Employees who are exempt from the FLSA must meet the criteria set forth by the DOL in one or more of the white collar exemptions. The qualifying criteria for a white collar exemption are:
- The employee must be paid a salary rather than an hourly wage.
- That salary must meet a minimum dollar amount set by the DOL which is $913 per week or $47,476 annually, and
- The employees must perform primary duties that the DOL deems consistent with executive, administrative, computer, and professional work. *Human Resources has developed exemption test worksheets to assist departments in verifying that their exempt employees meet the DOL standards.
Exempt employees are generally expected to devote the number of hours necessary to complete their respective tasks. Their compensation doesn't change based on actual hours worked.
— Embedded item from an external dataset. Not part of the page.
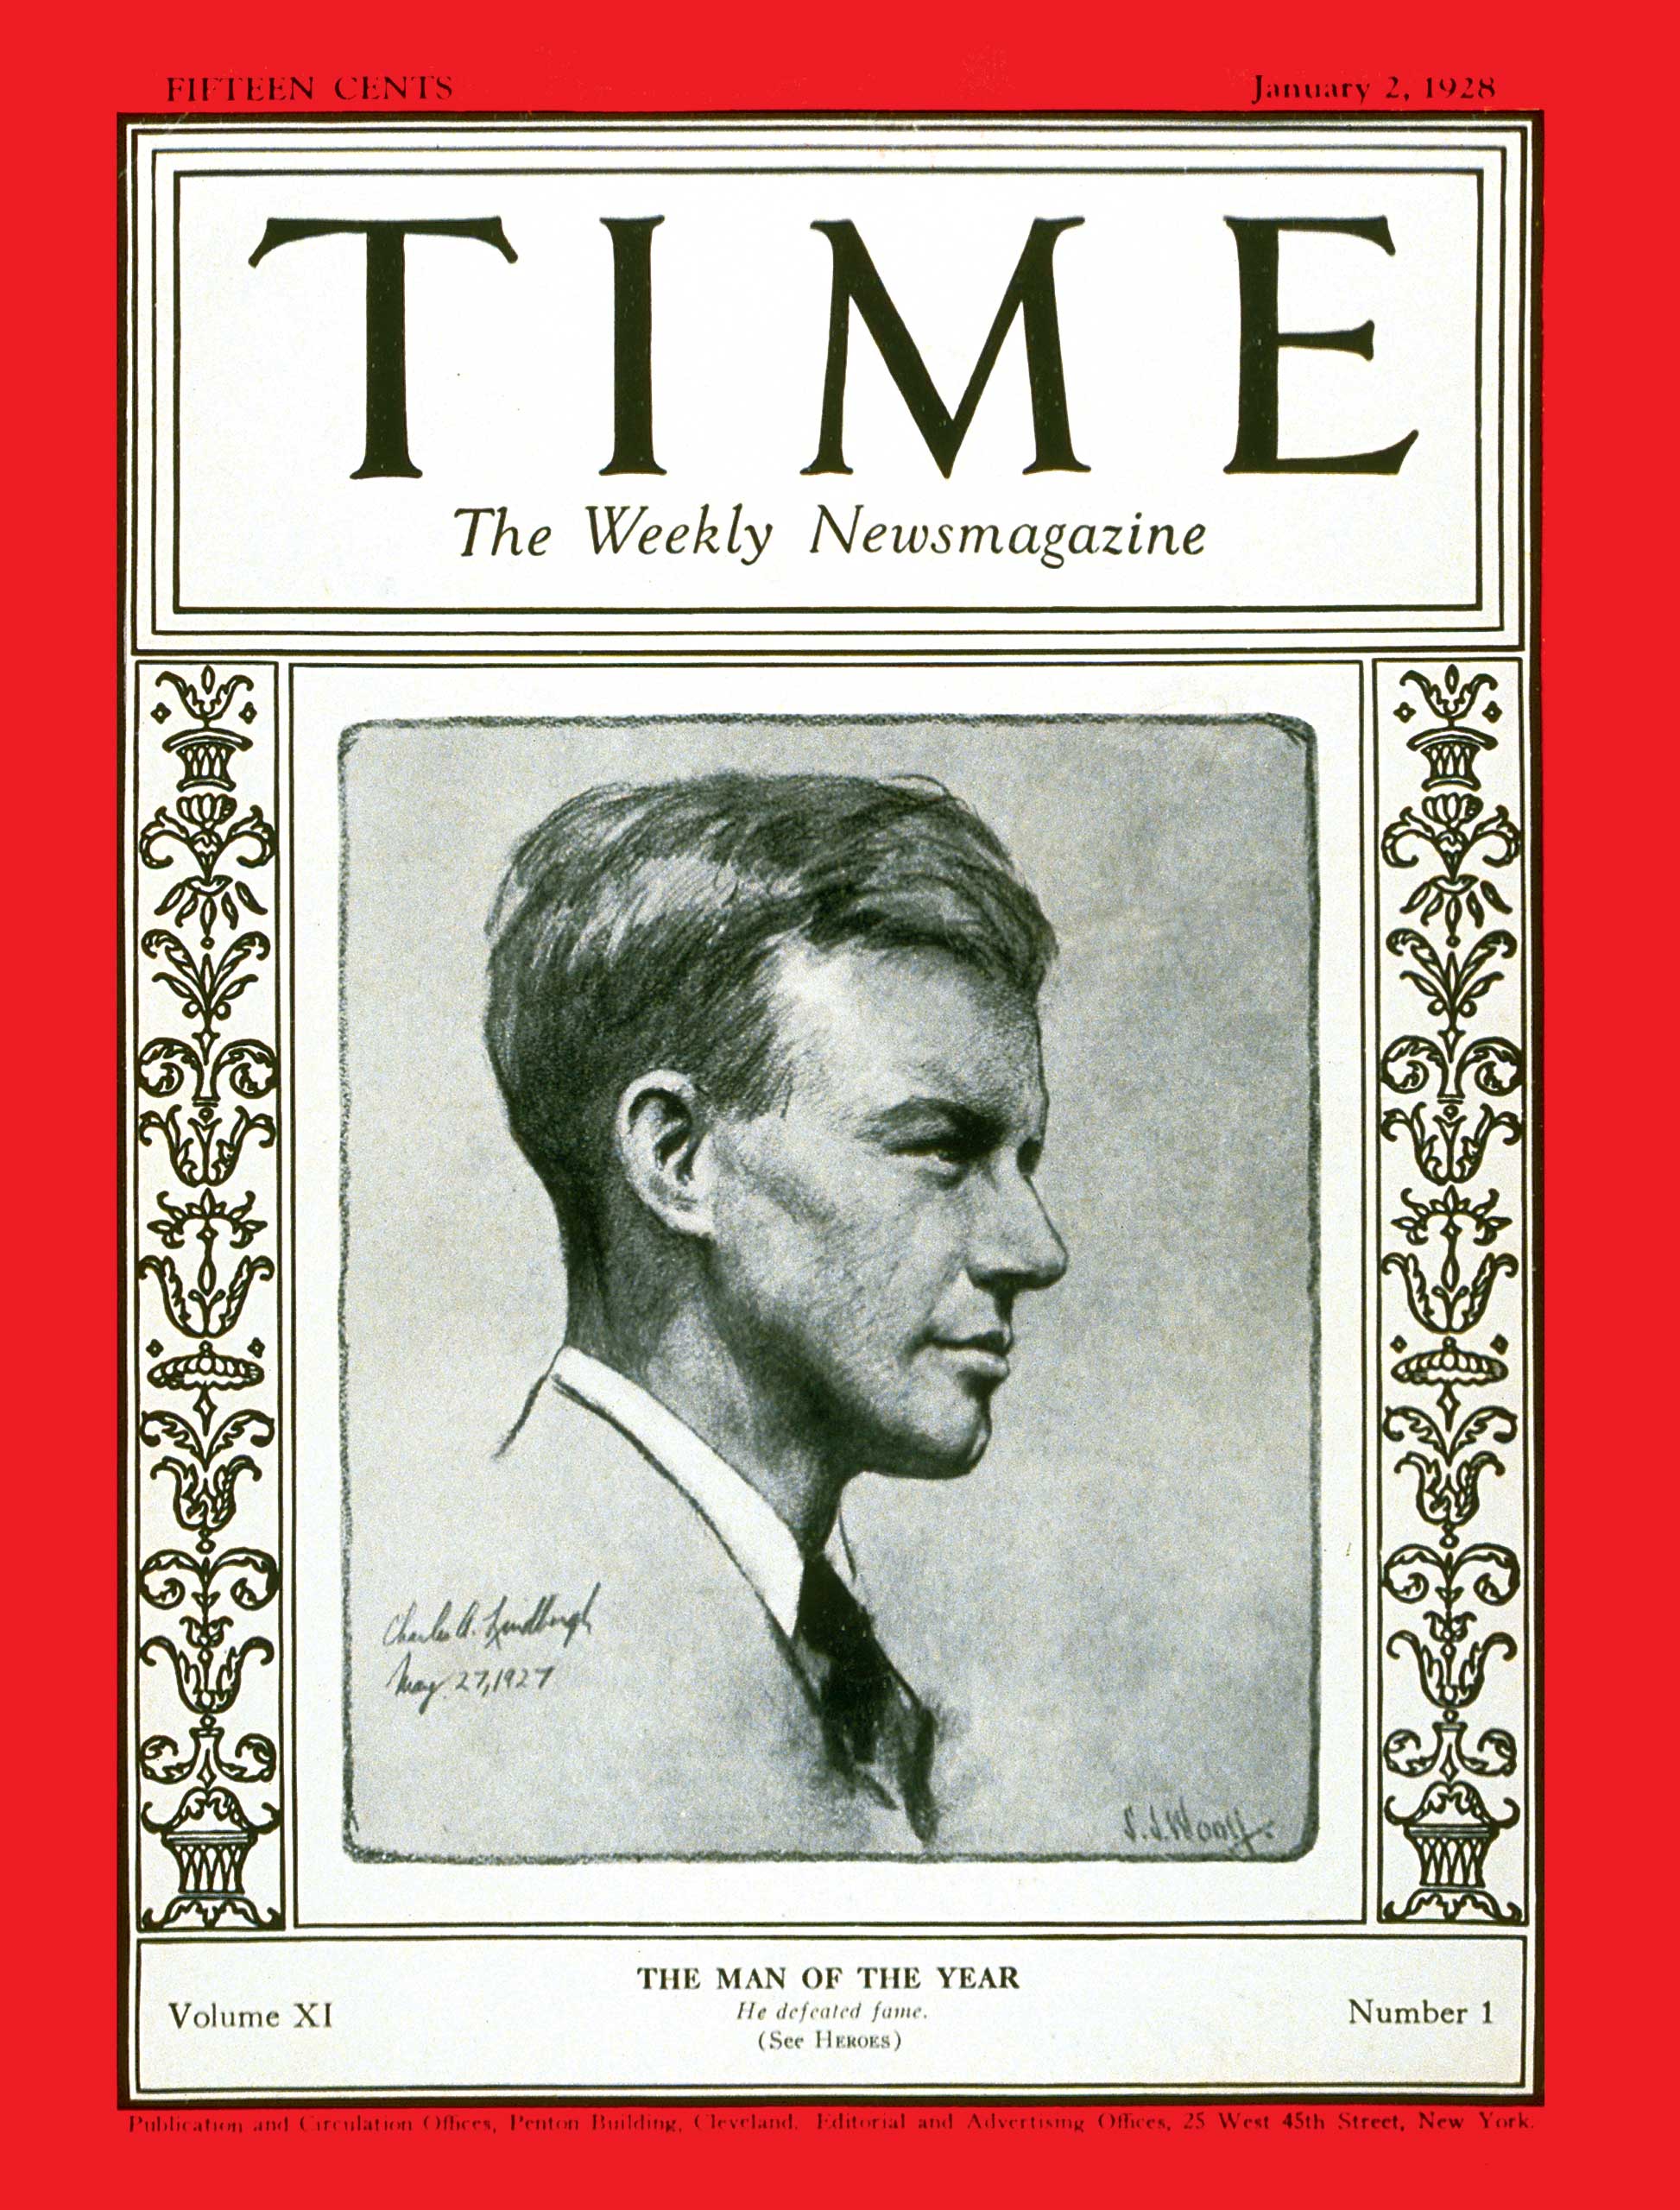 TIME Man of the Year 1927: Charles Lindbergh

Exempt employees aren't paid extra for working more than 40 hours per week; they are paid for getting the job done.
Duties That Do Not Qualify for FLSA Overtime Exemption
Blue Collar Workers
The exemptions provided by the Fair Labor Standards Act do not apply to manual laborers or other workers who perform work involving repetitive operations with their hands, physical skill, and energy. Such nonexempt employees gain the skills and knowledge required for performance of their routine manual and physical work through apprenticeships and on-the-job training.
Employees who work in production, maintenance, construction, and other similar occupations such as carpenters, electricians, mechanics, plumbers, craftsmen, operating engineers, and so forth are entitled to overtime pay under the FLSA.
Police, Fire Fighters, Paramedics and Other First Responders
The exemptions provided by the Fair Labor Standards Act do not apply to police officers, detectives, deputy sheriffs, state troopers, highway patrol officers, investigators, inspectors, correctional officers, parole or probation officers, park rangers, fire fighters, paramedics, hazardous material workers and other similar employees regardless of rank or pay level, who perform work such as preventing, controlling or extinguishing fires of any type; rescuing fire, crime or accident victims; preventing or detecting crimes; conducting investigations or inspections for violations of law; performing surveillance; pursuing, restraining and apprehending suspects; detaining or supervising suspected and convicted criminals, including those on probation or parole; interviewing witnesses; interrogating and fingerprinting suspects; preparing investigative reports; or other similar work.